The replica was a centennial project, a popular pastime in sunny 1960s Canada: celebrating in one’s unique way the 100th anniversary of Confederation (1867-1967). Many companies had such projects as a way to boost employee morale, and this was Labatt’s.

In craft beer circles of 2019 The London Brewery, which can still be toured in London, seems of little resonance. This is due I believe to a number of factors. First, London, while an important regional centre, is 120 miles from Toronto, the centre of Ontario’s craft brewing culture.

Second, the exhibit commemorates a pre-craft national brewer, now internationally owned (AB In Bev). Big brewers tend not to enter the preoccupations of the craft bubble, shall we say. Many oppose large companies for their size, or scale, really, which never made sense to us, especially as most big brewers now offer some characterful beer, the type craft enthusiasts said they always wanted.*

Third, since 1993 the London Brewery is part of Fanshawe Pioneer Village, so a visit entails visiting the general attraction itself, which will interest only some beer fans of course.

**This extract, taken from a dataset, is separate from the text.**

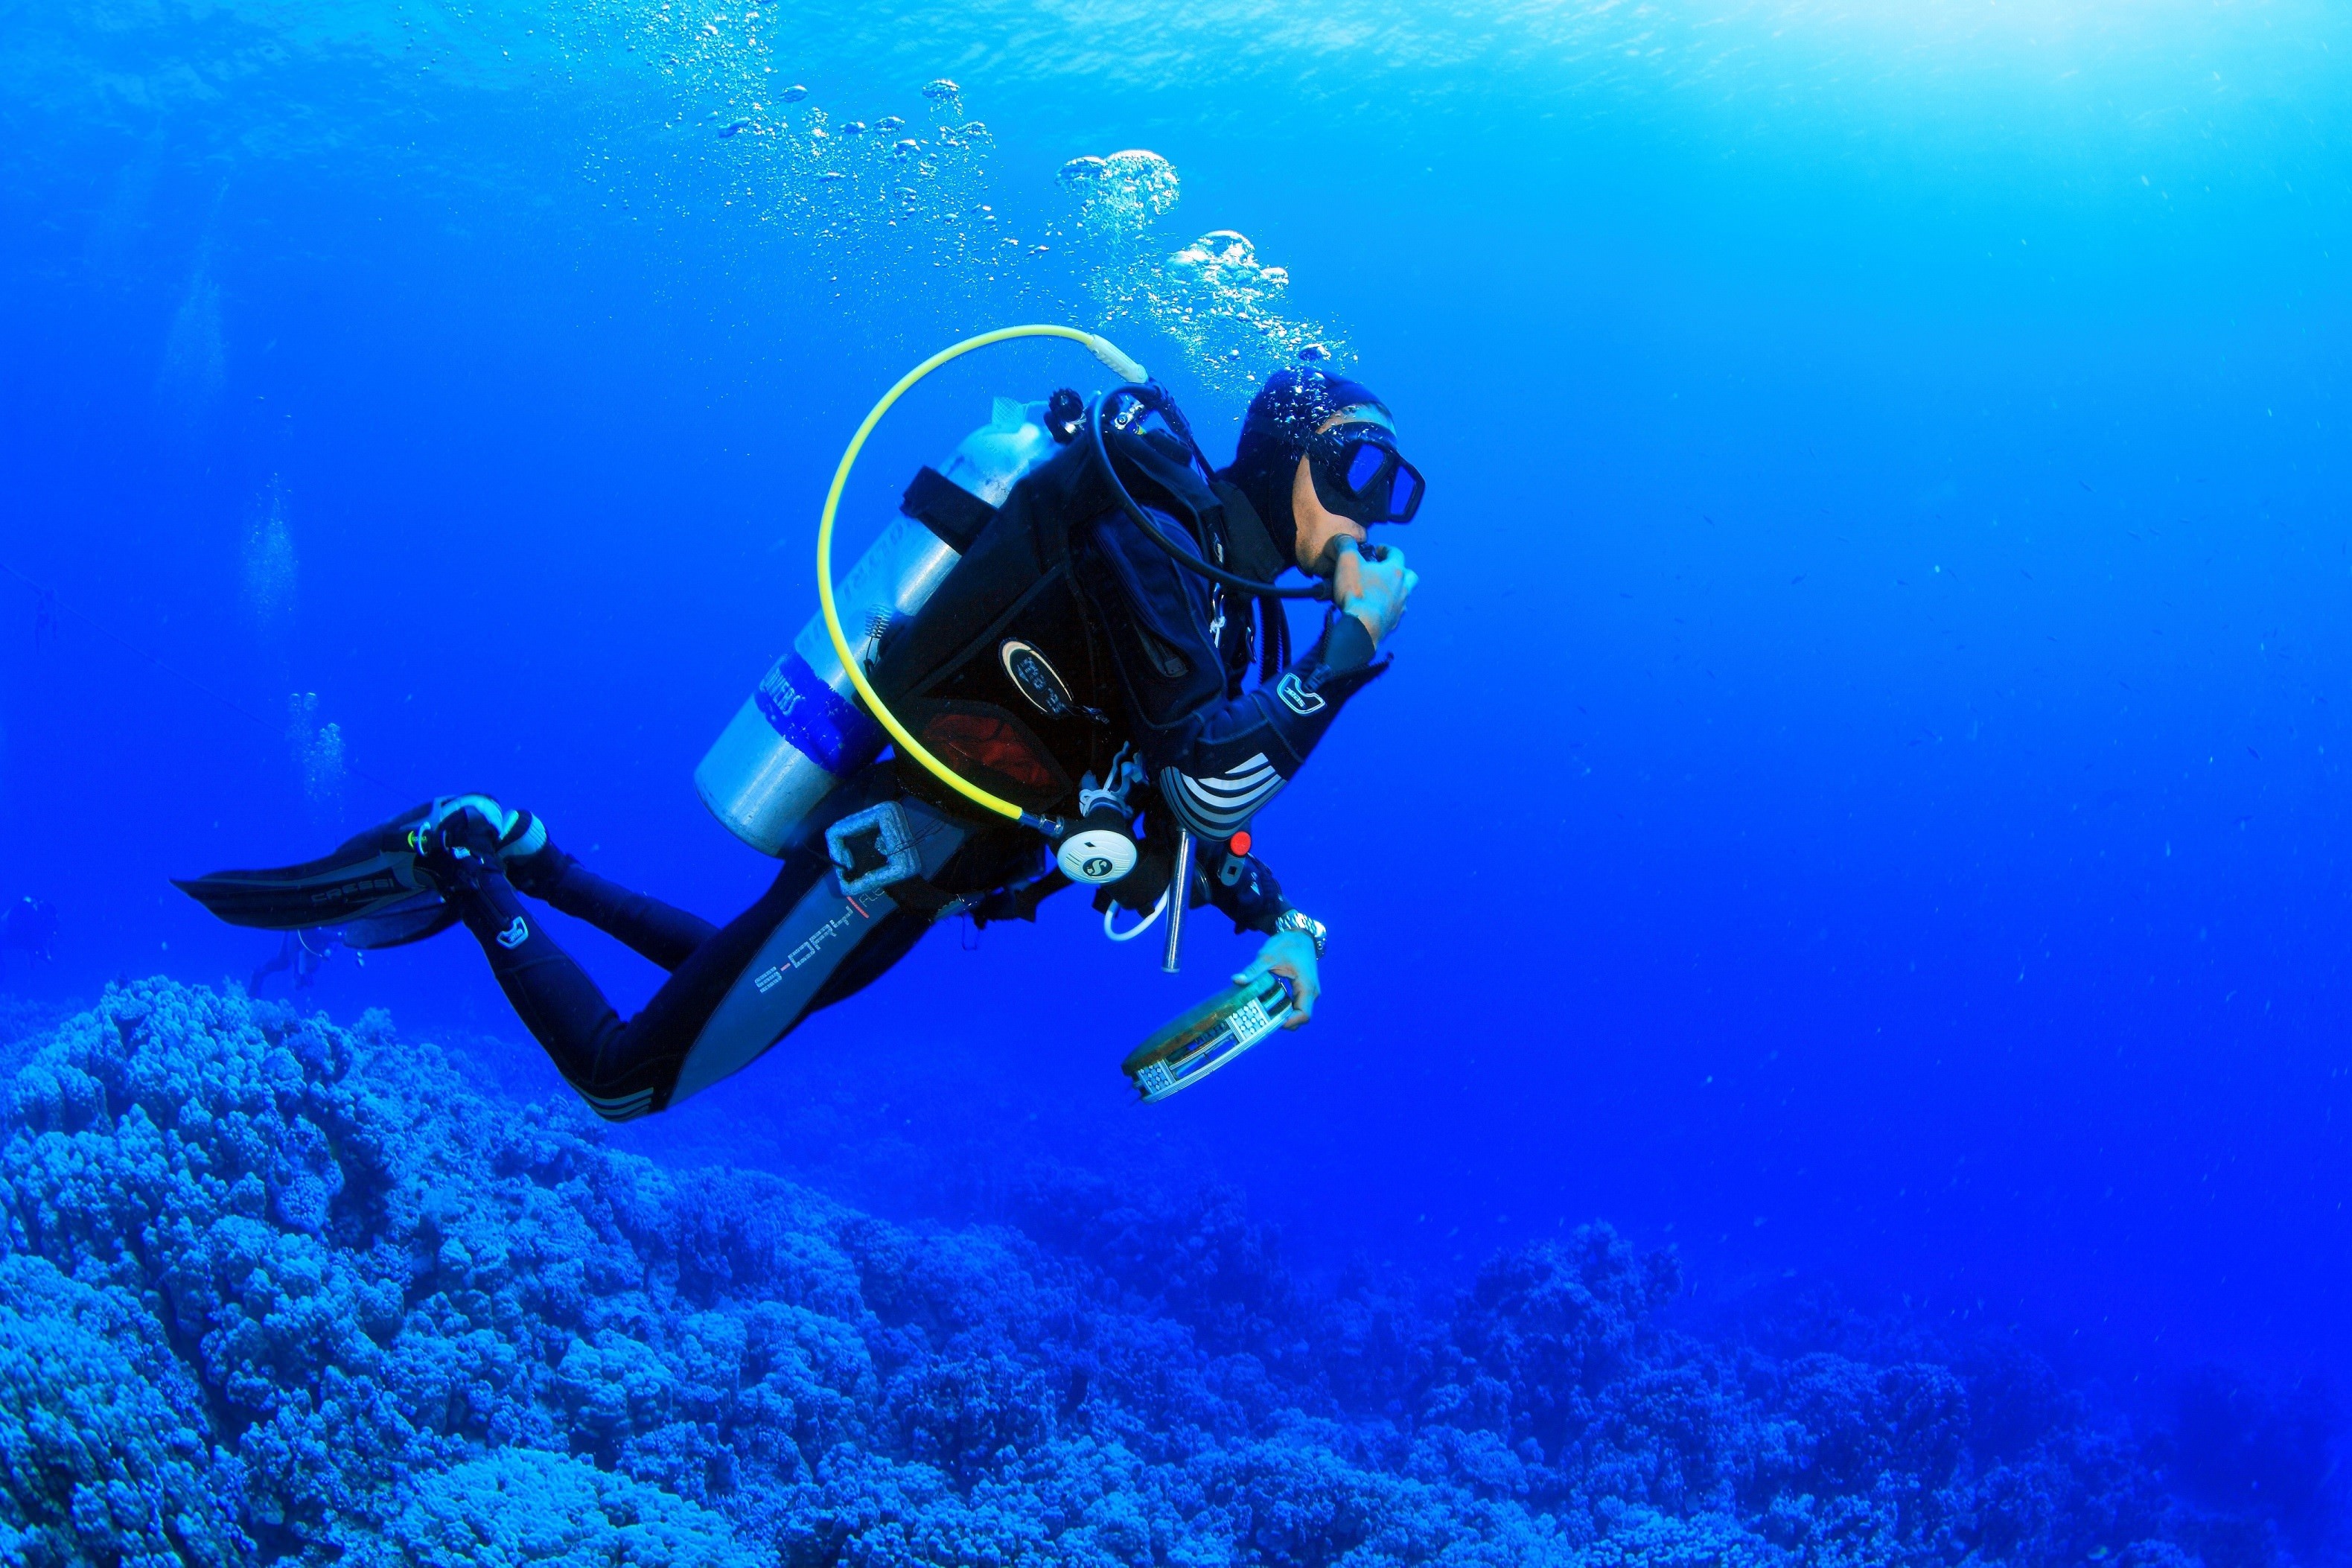 Diving: An extreme adventurous underwater activity, Swimming underwater for a long time. 3160x2110 HD Wallpaper.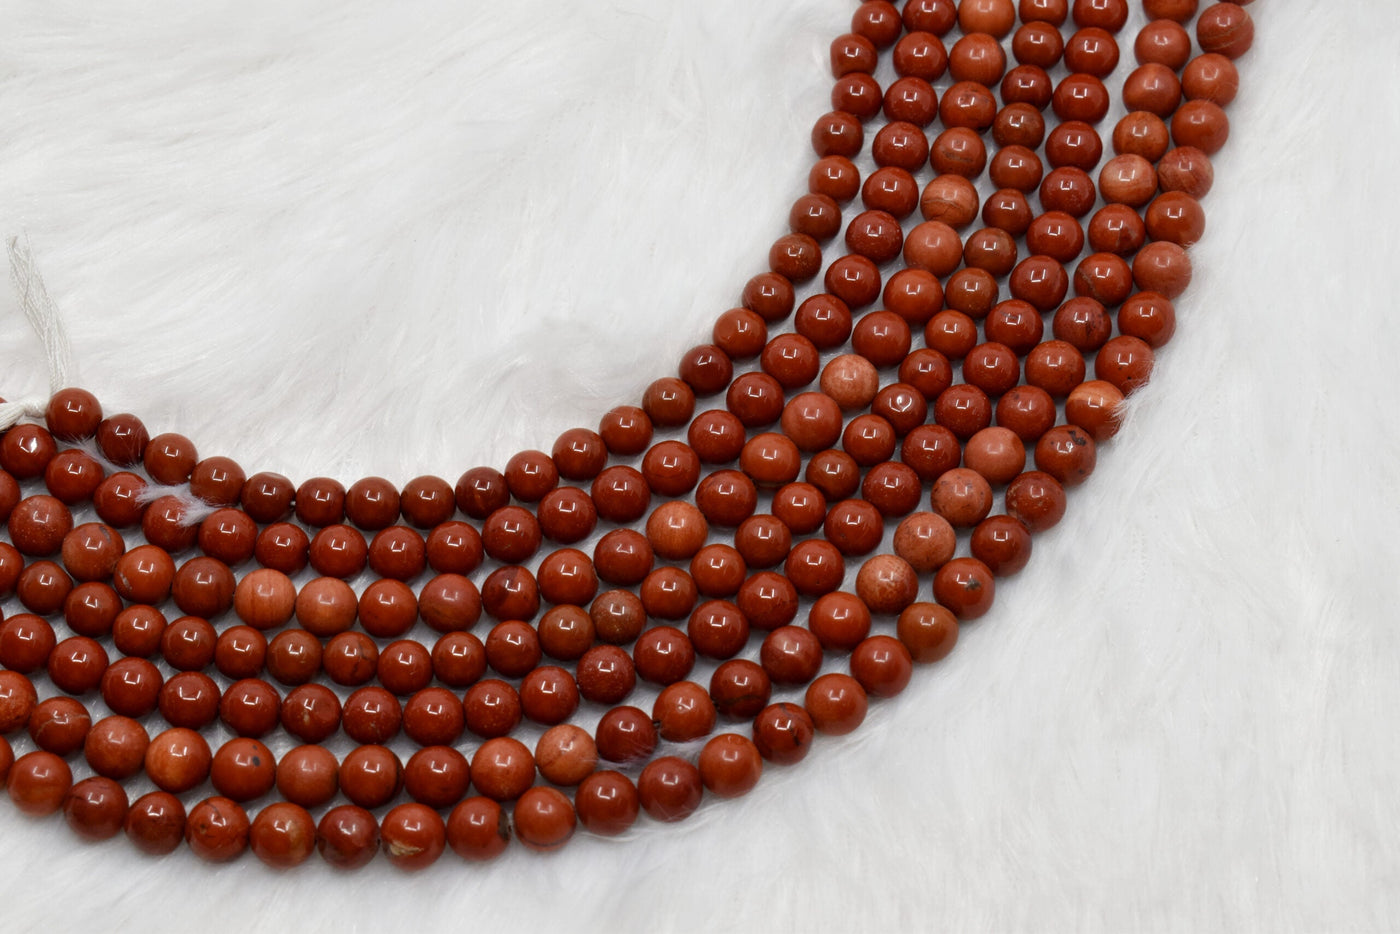 Red Jasper Beads, Natural Round Crystal Beads 4mm to 12mm

Yet, as I’ve learned even without seeing it, the London Brewery is well worth visiting. A short article by Bryan Andrachuk, linked in this page on Fanshawe’s website, explains the great historical care Labatt’s took in recreating the pioneer brewery, down to sourcing period logs (from old structures) to build it.

A full brewing plant is included on the second floor – mashing tun, bricked in kettle, underlet, fermenting vat, paddles, wood barrels, all the paraphernalia to brew beer in 1840s Ontario.

We know this from a July 2009 posting on a homebrewing forum, text and numerous images, by an American from Detroit who had visited the site.

Obviously he did not cover everything but what he did show explains much about the depth and authenticity of the exhibit. He even shows a pail of “brown malt”. Hence, even 10.5 years ago, and possibly from 1967, in either case before beer historians revved up interest in authentic porter recreations, Labatt knew that porter malt was used in the 1840s and took care to find some for the exhibit.

I first learned of the replica brewery through the 1975 The Great Canadian Beer Bookwhich I bought in the late 1970s. It pictures a man in his early 20s at the exhibit handling a barrel. He portrayed the brewer and probably led the tour. I think the older man shown in the 2009 posting, in pioneer-era costume, may be the same person, and perhaps has the same job today.

I intend to get down to London soon to visit the London Brewery. The Fanshawe attraction seems well-planned (see website) and worth a visit unto itself. 

A second pioneer brewery recreation in Ontario was Black Creek’s in North York, Toronto, at Black Creek Pioneer Village, which portrays an 1860s Ontario settlement. Black Creek’s was different from Labatt’s effort, focusing more on the beer rather than replicating the fit-out of a Victorian village brewery. Black Creek’s brewery was a valid exercise, in part due to the excellent beer brewed there, which did use period techniques such as natural cooling of the wort. Sadly, brewing ceased onsite at the end of 2018, and has not resumed, to my knowledge.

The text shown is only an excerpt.